EXERCISE AIM: A verbatim copy of the data is wanted, minus any picture in it.

-------- EXCERPTED DATA --------

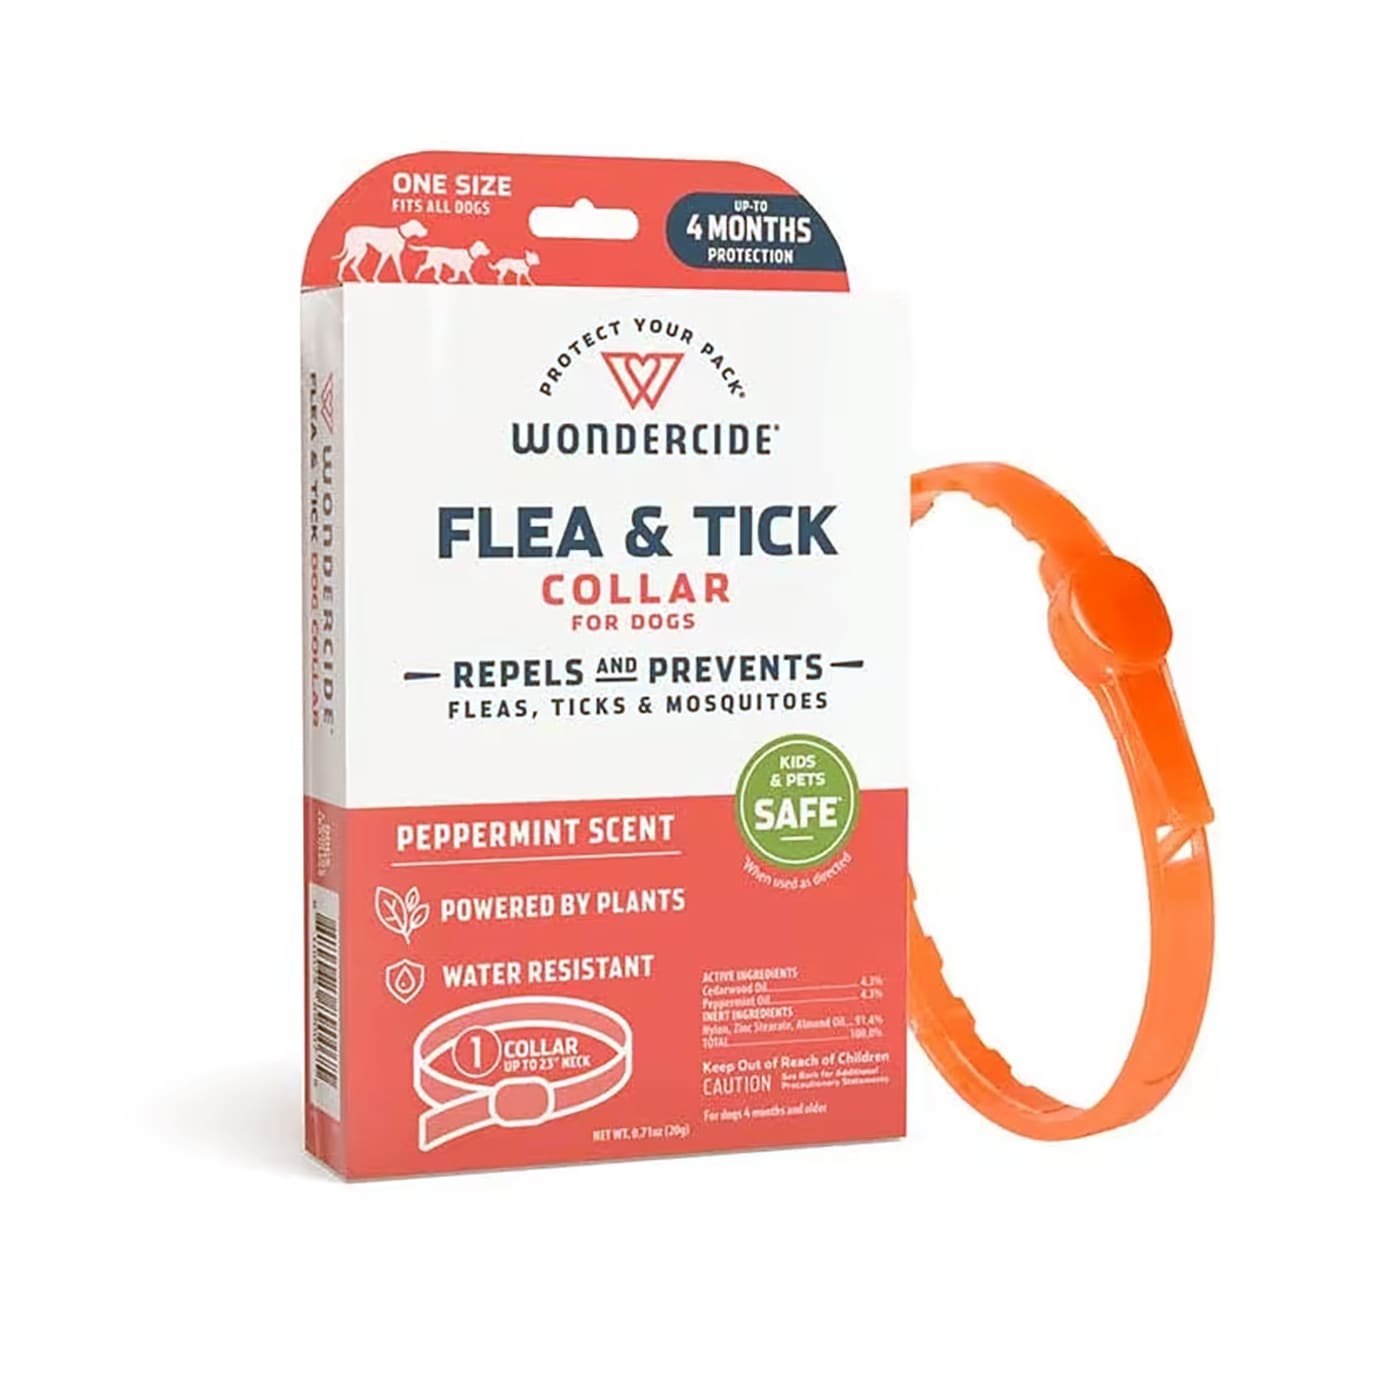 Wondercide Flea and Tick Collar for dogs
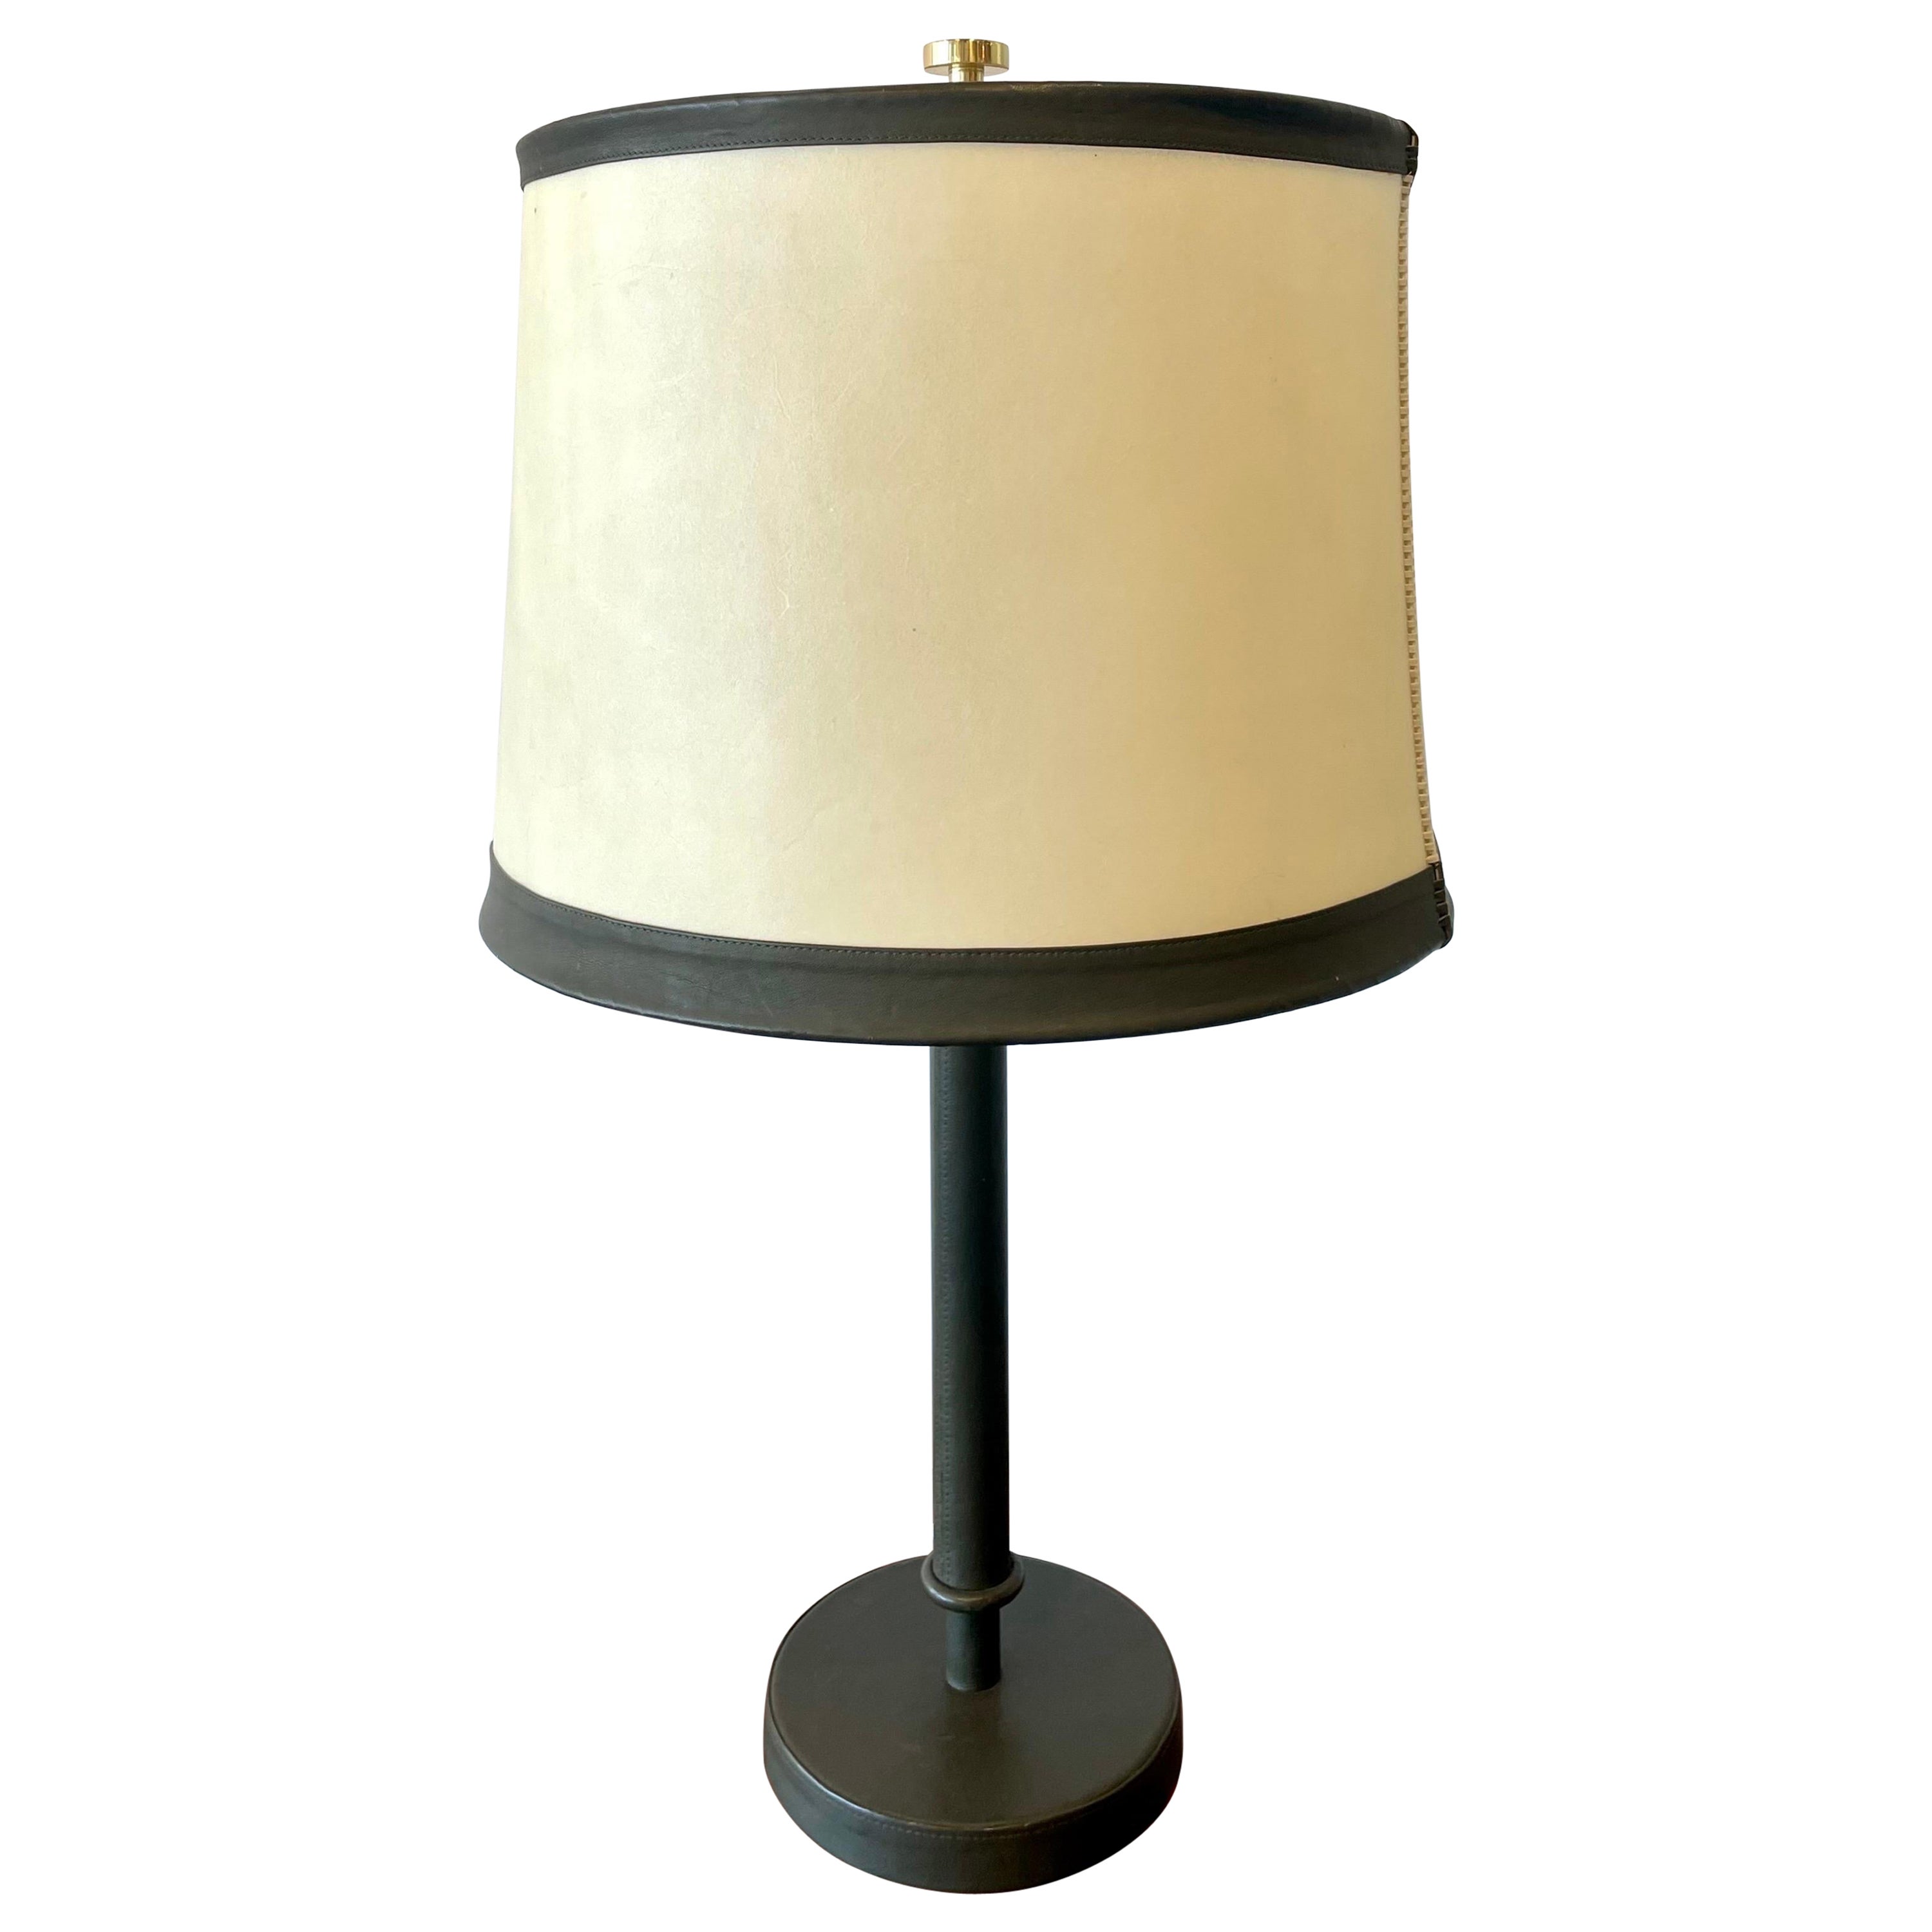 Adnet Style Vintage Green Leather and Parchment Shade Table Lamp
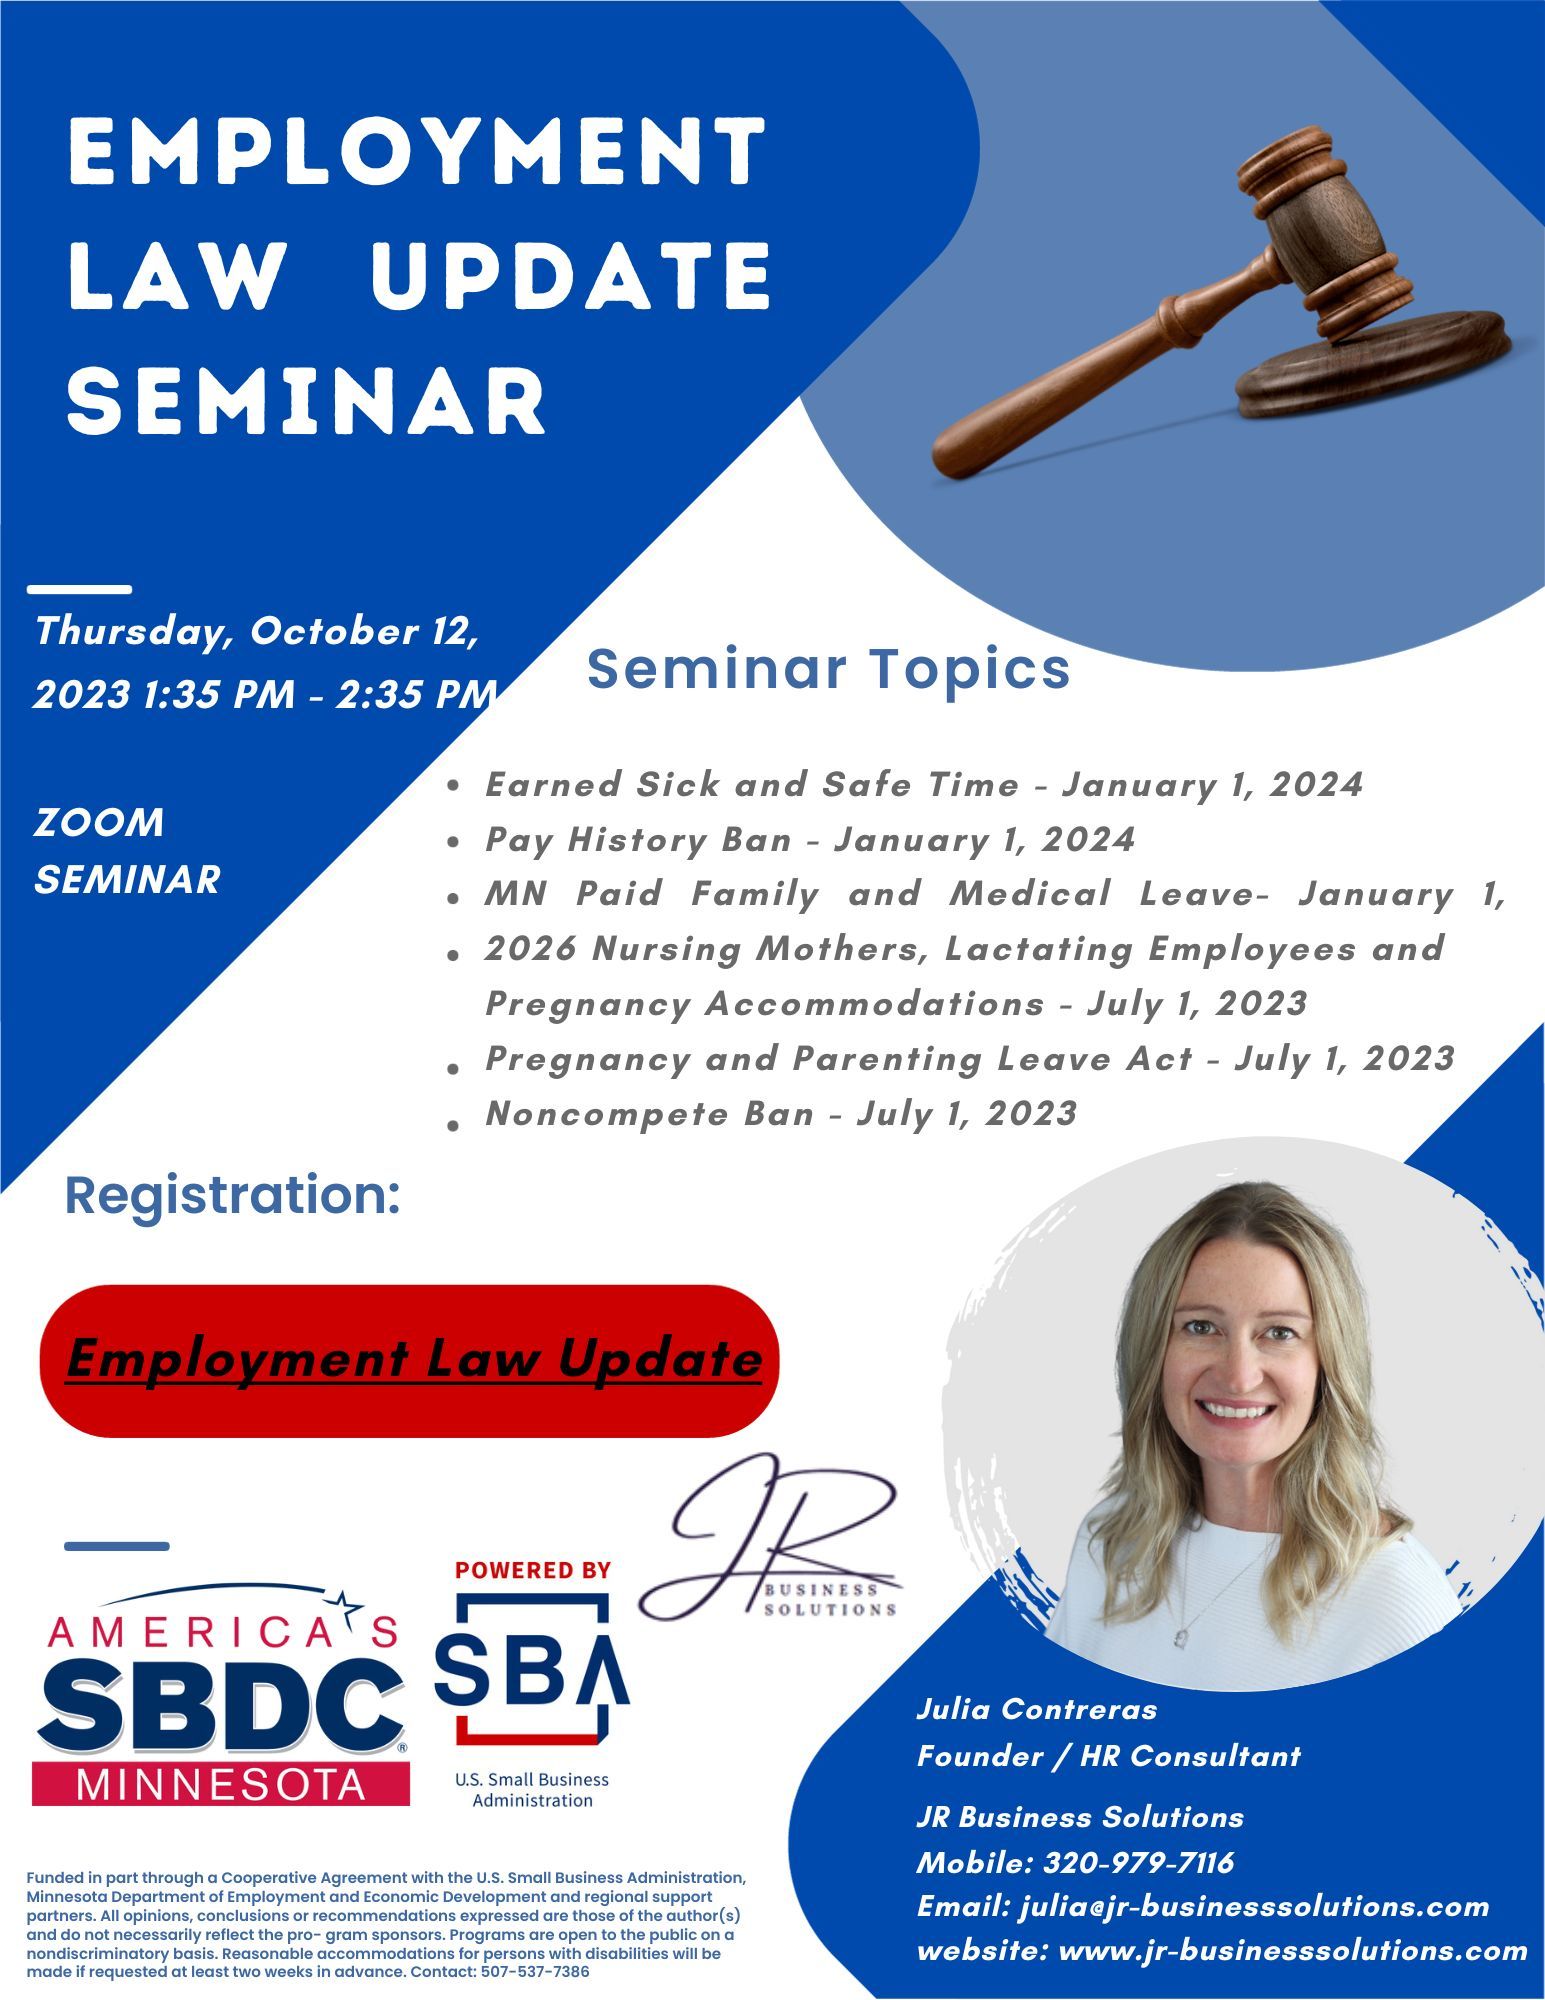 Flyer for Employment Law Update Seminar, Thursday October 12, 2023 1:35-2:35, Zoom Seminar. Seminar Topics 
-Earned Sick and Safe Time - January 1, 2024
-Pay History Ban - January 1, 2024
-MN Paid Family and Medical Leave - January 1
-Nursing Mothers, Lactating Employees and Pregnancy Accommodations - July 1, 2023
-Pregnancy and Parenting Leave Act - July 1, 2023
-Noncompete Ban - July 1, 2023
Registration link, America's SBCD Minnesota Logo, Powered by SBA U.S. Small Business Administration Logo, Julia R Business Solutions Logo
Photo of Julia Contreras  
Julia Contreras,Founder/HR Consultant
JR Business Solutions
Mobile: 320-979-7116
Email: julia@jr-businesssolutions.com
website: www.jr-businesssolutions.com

--------

WORKED SOLUTION:
 Wondercide Flea and Tick Collar for dogs
 Adnet Style Vintage Green Leather and Parchment Shade Table Lamp
 Flyer for Employment Law Update Seminar, Thursday October 12, 2023 1:35-2:35, Zoom Seminar. Seminar Topics 
-Earned Sick and Safe Time - January 1, 2024
-Pay History Ban - January 1, 2024
-MN Paid Family and Medical Leave - January 1
-Nursing Mothers, Lactating Employees and Pregnancy Accommodations - July 1, 2023
-Pregnancy and Parenting Leave Act - July 1, 2023
-Noncompete Ban - July 1, 2023
Registration link, America's SBCD Minnesota Logo, Powered by SBA U.S. Small Business Administration Logo, Julia R Business Solutions Logo
Photo of Julia Contreras  
Julia Contreras,Founder/HR Consultant
JR Business Solutions
Mobile: 320-979-7116
Email: julia@jr-businesssolutions.com
website: www.jr-businesssolutions.com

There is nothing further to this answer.